Hong Kong’s Central office rents set to reverse multi-year slump with gains in second half



Office rents in Hong Kong’s Central district are expected to rise faster in the second quarter of the year, according to analysts, a reversal of a multi-year slump that began in the second half of 2019.

The latest forecast was made by US bank Citi, which said premium offices in the city’s main business zone had seen rents rise 1.7 per cent from a trough in October, with room for further increments between the second half this year and 2027.

“Lease negotiation dynamics had started to favour landlords since the fourth quarter of 2025 and strengthening into 2026,” Citi property analysts Griffin Chan and Cindy Li said in a report released on Wednesday.

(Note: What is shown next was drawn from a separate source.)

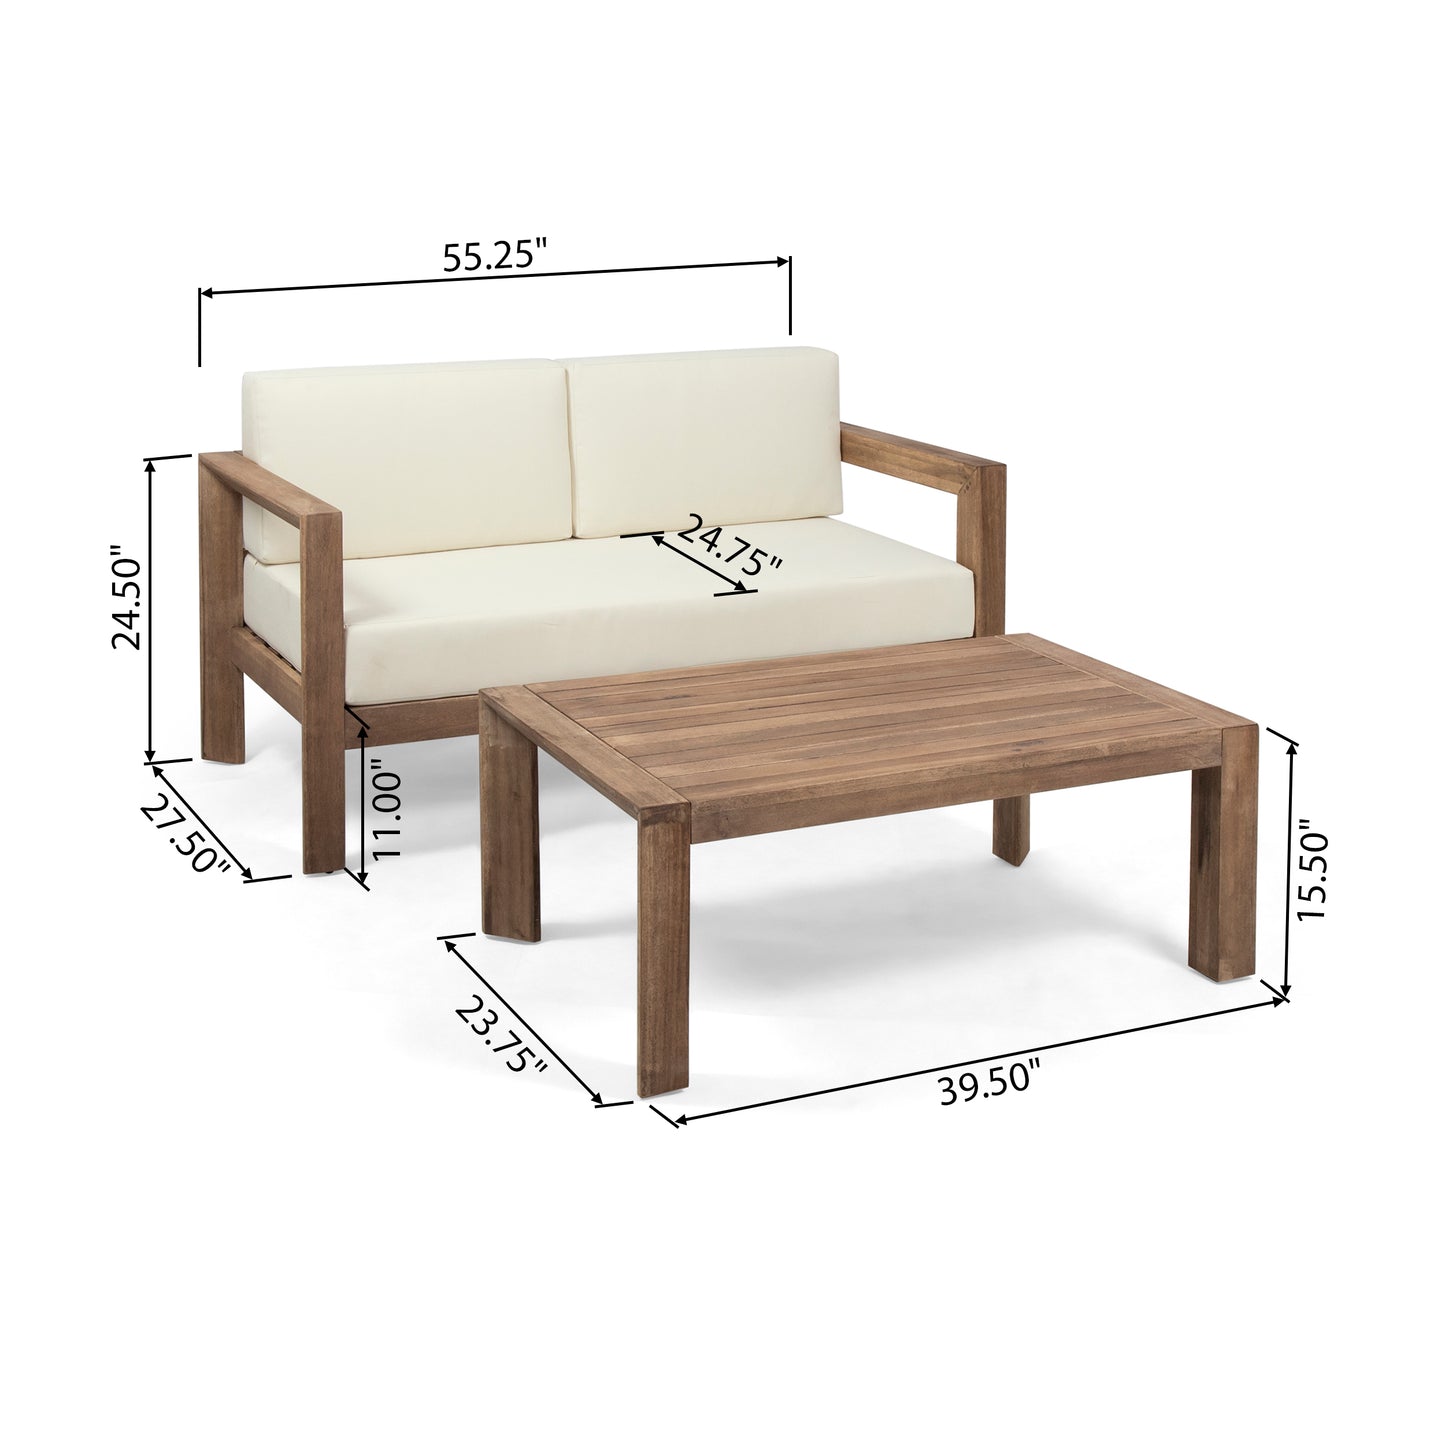 Lucia Outdoor 2 Seater Wooden Loveseat and Coffee Table Chat Set with Cushions, Beige and Brown Finish

The rental improvements would be spurred by broader capital inflows into Hong Kong, capital market activity and overseas expansion of Chinese corporates, they said.

Stronger demand has reduced grade-A vacancy rates in Central to a four-year low of 9.6 per cent.

Central is not alone in logging gains, with Admiralty absorbing demand outflow from the city’s main business district, while West Kowloon has also seen robust take-ups in rents.

JPMorgan Chase and Banco Santander were among the latest clients attracted to West Kowloon. In March, JPMorgan committed to leasing about 250,000 sq ft for 10 years at Artist Square Towers (AST), making it the anchor tenant of the 700,000 sq ft mixed-use development by Sun Hung Kai Properties (SHKP).